…But one thing I do: Forgetting what is behind and straining toward what is ahead, I press on toward the goal to win the prize for which God has called me heavenward in Christ Jesus.
Philippians 3:13-14 (NIV)
Straining towards what is ahead? Pressing on towards the goal? To win the prize? The casual reader could be forgiven for thinking Paul is talking here about a works-based salvation.
Anything but. We need only remind ourselves that this is the very same Paul who said, ‘For it is by grace you have been saved, through faith—and this is not from yourselves, it is the gift of God—not by works, so that no one can boast.’ (Ephesians 2:8-9).
So what is going on here in Philippians 3?
Let’s go back to verses 5 and 6. Here Paul provides a litany of his good works: circumcised on the eighth day; an Israelite, from the elite tribe of Benjamin (‘a real Hebrew if ever there was one’ as the New Living Translation puts it). And a Pharisee to boot. He continues in verse 6: zealous and righteous, in fact faultless in the eyes of the law.
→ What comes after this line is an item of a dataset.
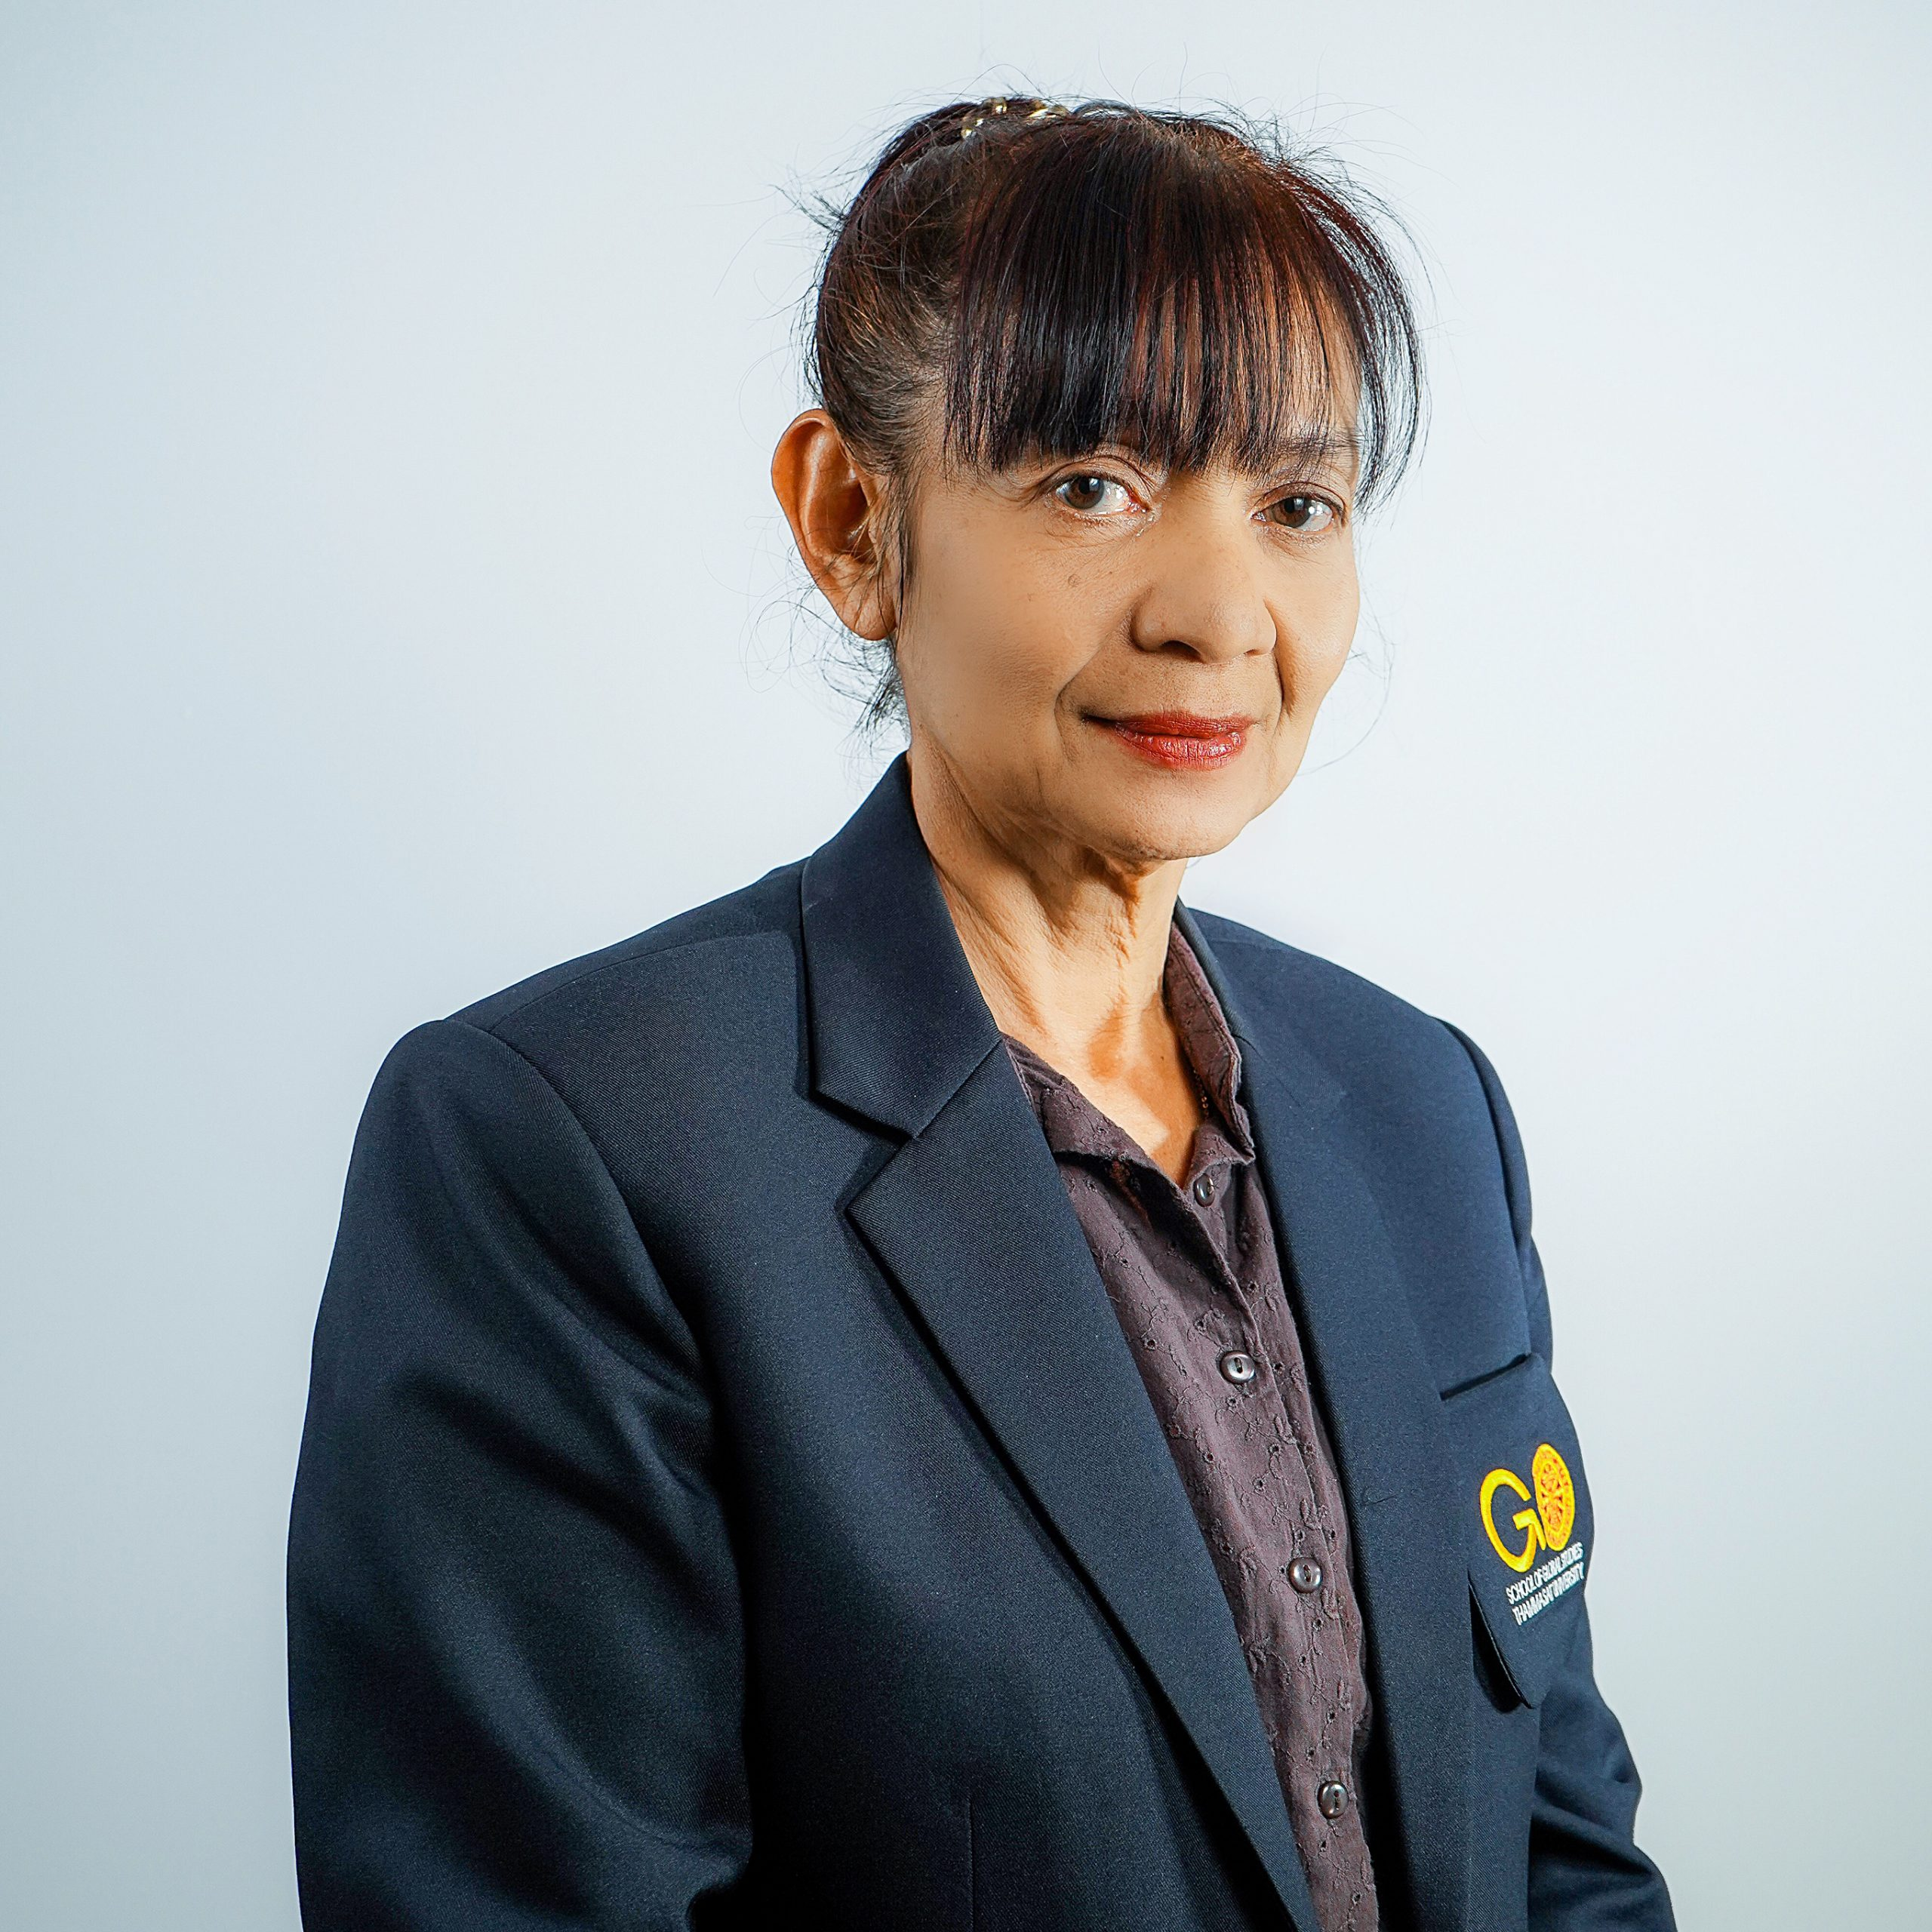 Dr. Wacharin Tanyanont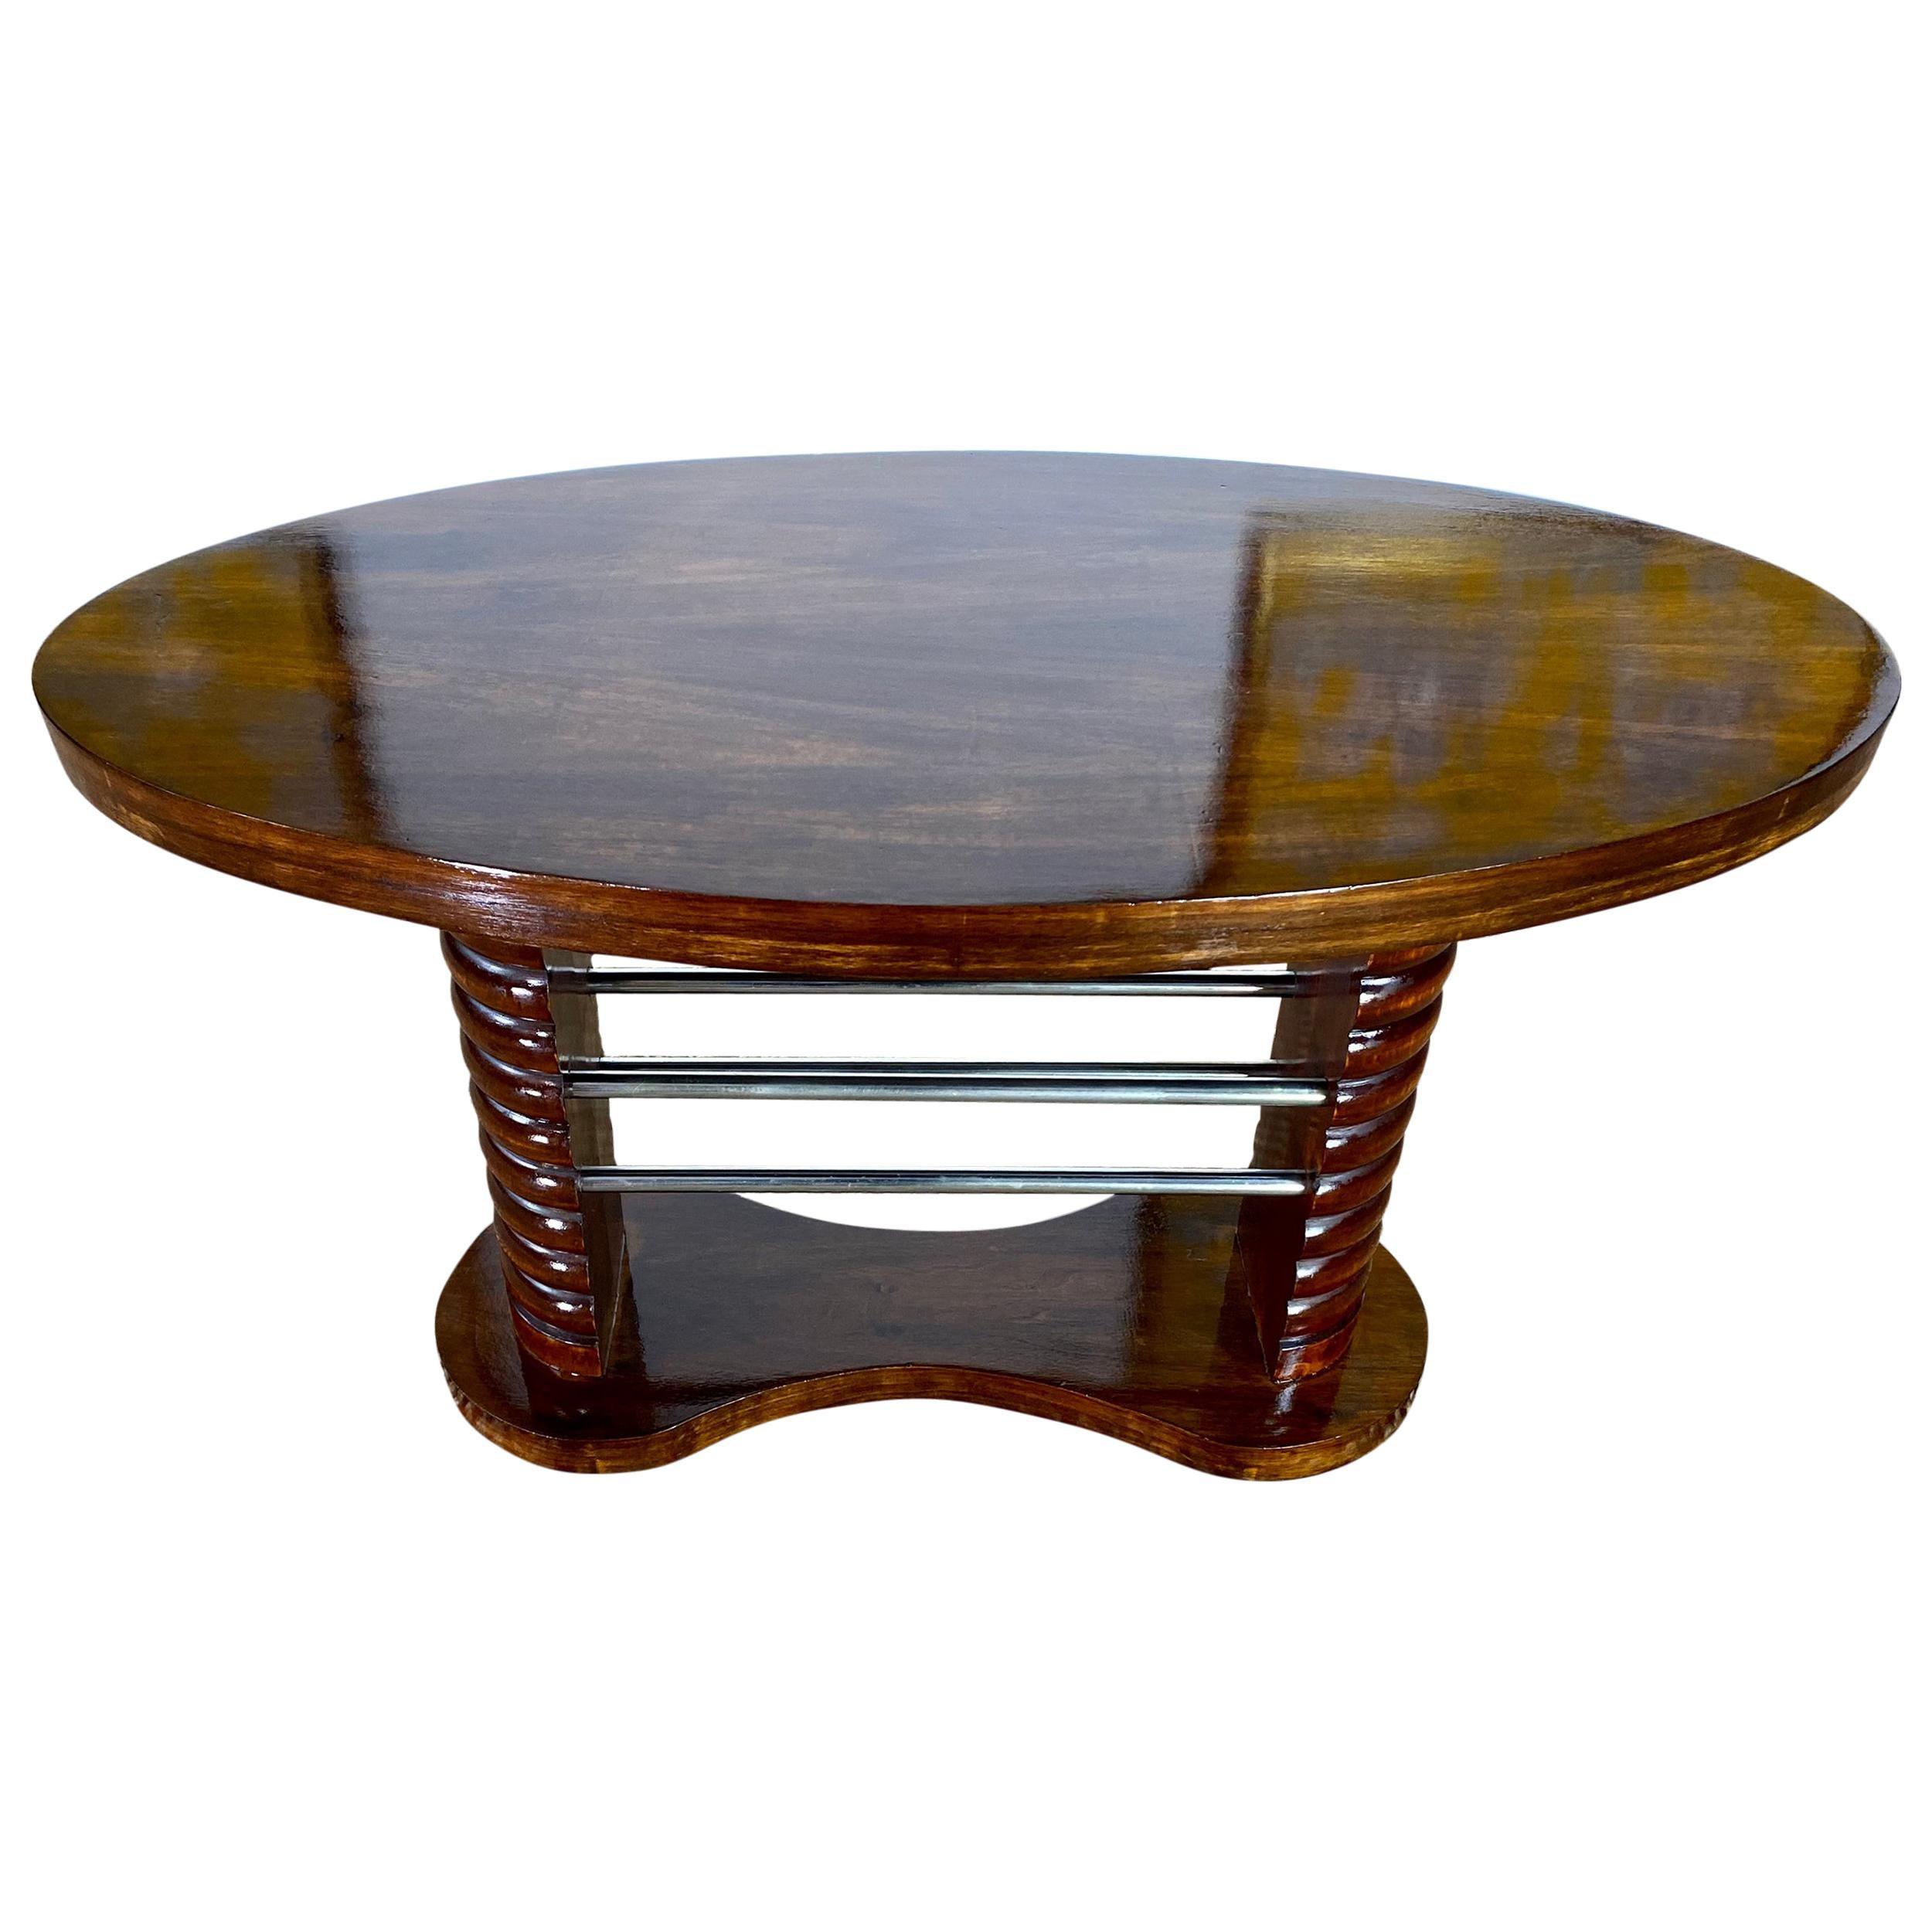 Art Deco French Coffee Side Table, Mahogany, Chrome Guéridon, France, circa 1930

In other words, if anyone deserves to be saved based on the life they have lived, Paul is saying ‘It is me!’(v.4). But (and it’s a huge but) none of this means anything to me now (v.7). In fact, I consider it all garbage compared to the saving work of Jesus (v.8). Garbage is a very restrained translation; the original Greek is much more down to earth, filth or excrement being the closest I would want to put in print.
So, returning to our header scripture, verses 13-14, what is Paul getting at then? Simply this: now that his own self-righteousness has been replaced by the only true righteousness, that is Christ-righteousness, it is Paul’s heartfelt desire to live this out to the full in the here and now; to use the goal as an incentive to allow Christ’s righteousness to turn him into a new creation; to use the prize as confirmation that we are now, already, citizens of heaven, as Paul says in verse 20.
So, Paul concludes, let us take this new life seriously and don’t take what we have been given for granted. Let us act like trained athletes, straining forwards, pressing on, and acting like prize-winning citizens of the kingdom. Which of course, we are.
Prayer
Loving Father, thank you that through the life, death, resurrection and ascension of Jesus Christ we can be sure and certain of our life with you in the kingdom, what Paul called our life in the age to come. And meanwhile, let us live out our physical lives as followers of Christ with that wonderful truth in mind. This we pray in Jesus’s name, Amen.